The Root Editor-in-Chief Henry Louis Gates Jr. recently discussed his latest book and four-part documentary, Black in Latin America, on NPR's Fresh Air With Terry Gross. In Black in Latin America, Gates highlights the impact of the slave trade on countries south of the border, such as Mexico, Brazil and Cuba, and its lasting effects on Latin America's cultural history.
The descendants of slaves brought to Latin and South America, says Gates, don't identify as white or black the way many Americans do. In Brazil, there are 134 categories of blackness to describe someone of African descent.
"[They say], 'I'm not black. I'm murano [or] I'm kubuku,' he says. "You could say that these societies have refused to be locked into this ridiculous binary opposition between black and white the way we are here in America, and they've socially constructed race or ethnicity in a more subtle way than we could ever imagine."

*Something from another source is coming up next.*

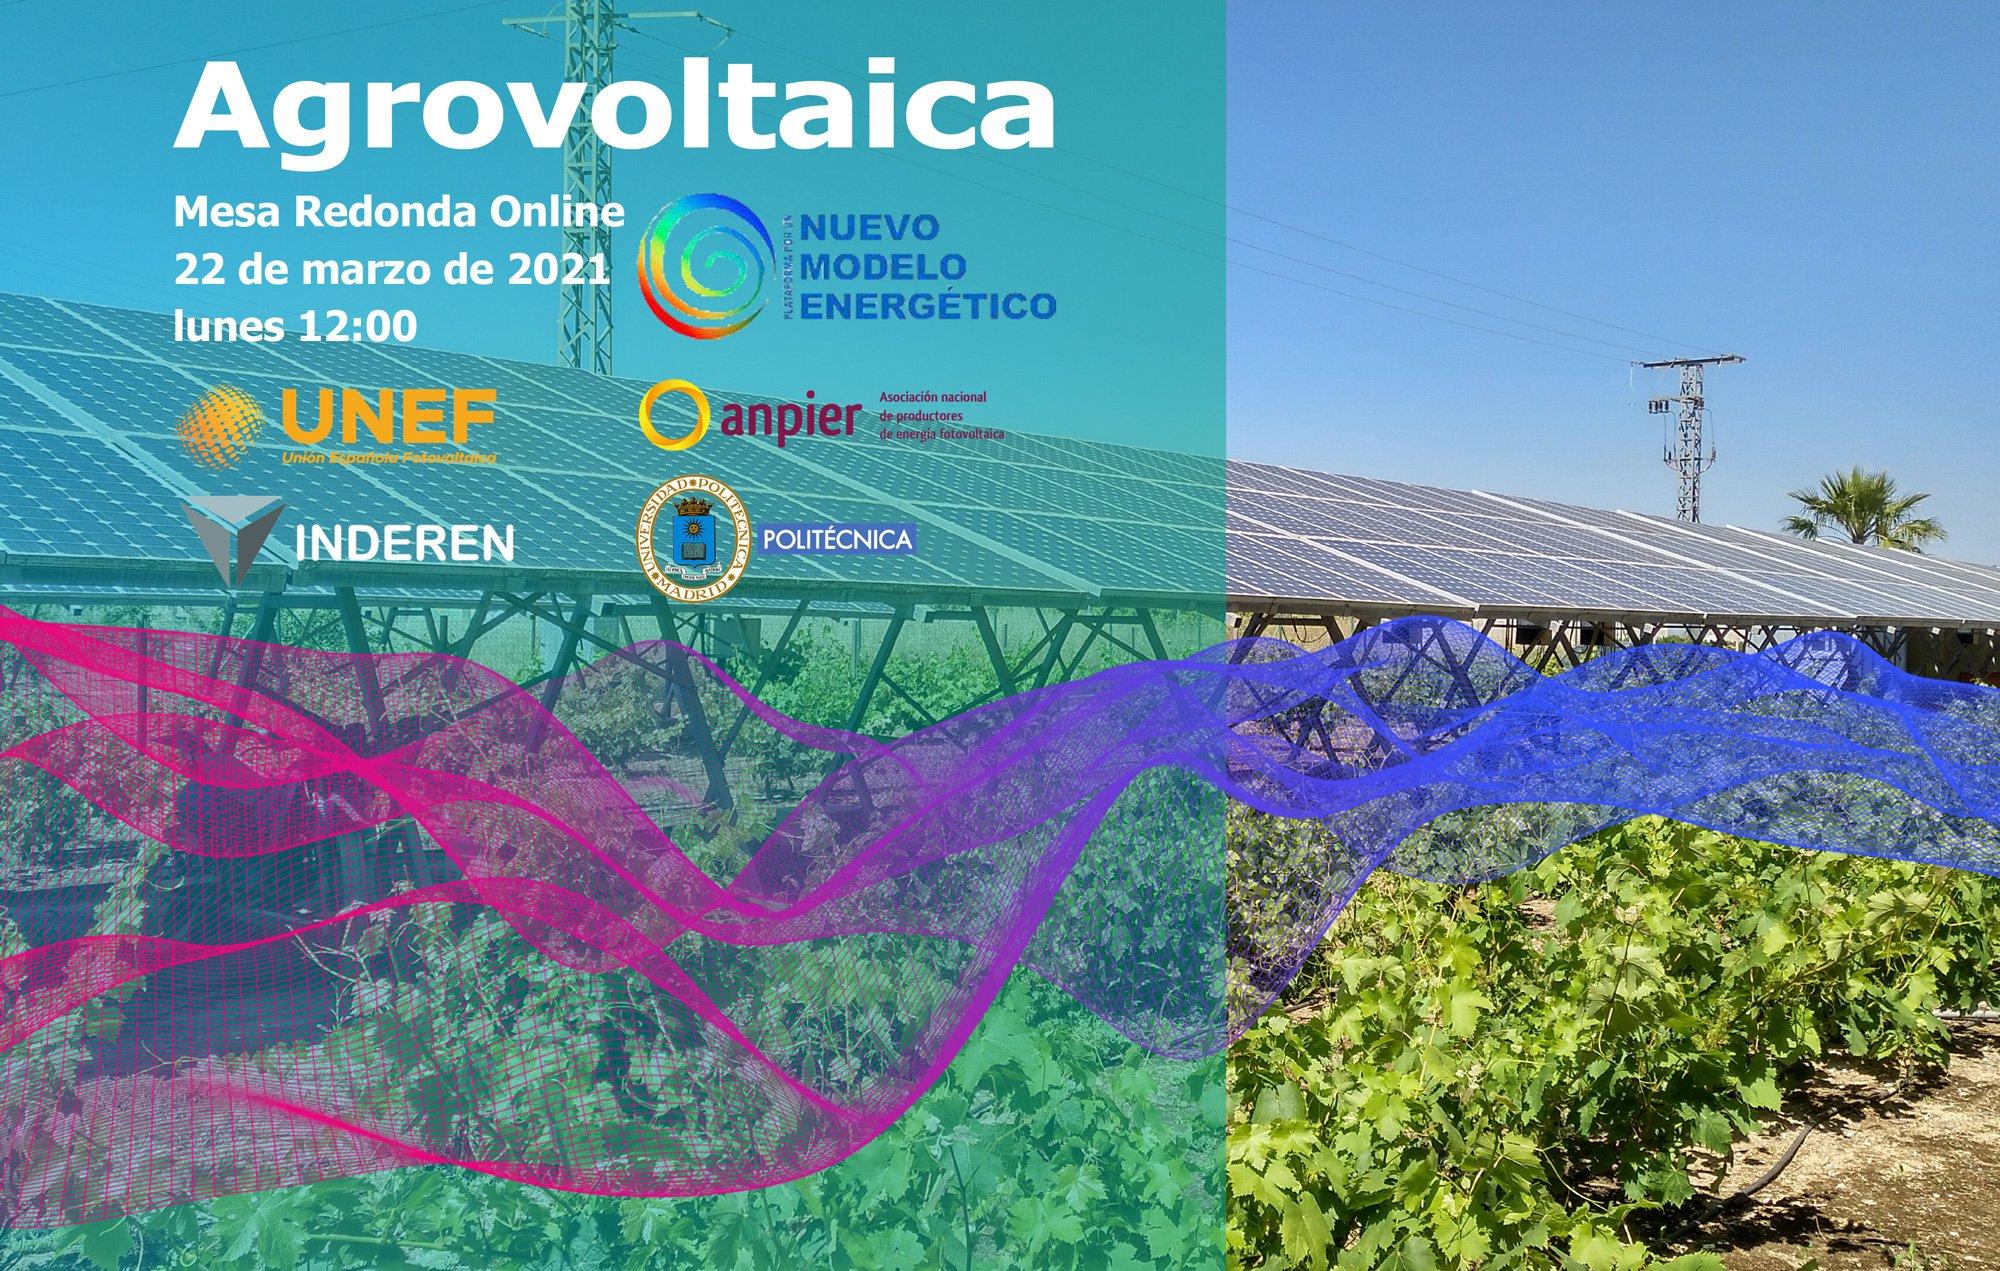 TRANESOL mesa redonda agrovoltaica MesaRedonda-agrovoltaica-Px1NME-INDEREN02

In each of the countries Gates examined, there were also policies enacted to "whiten" the complexion of the country soon after receiving an influx of slaves. In Brazil for instance, 4 million white Europeans and 185,000 Japanese immigrants were allowed into the country between 1884 and 1939. Cuba and Mexico also had similar policies in place.
"They were trying to do two things," says Gates. "They wanted to bring in white families so that the white population would increase. But they also assumed, because so many of these indentured immigrants would be men, that interracial sexual liaisons would ensue — and indeed they did. So whitening was to be achieved in two ways: through white people marrying white people and a browning movement, when a series of racial gradations would be created through interracial sexuality."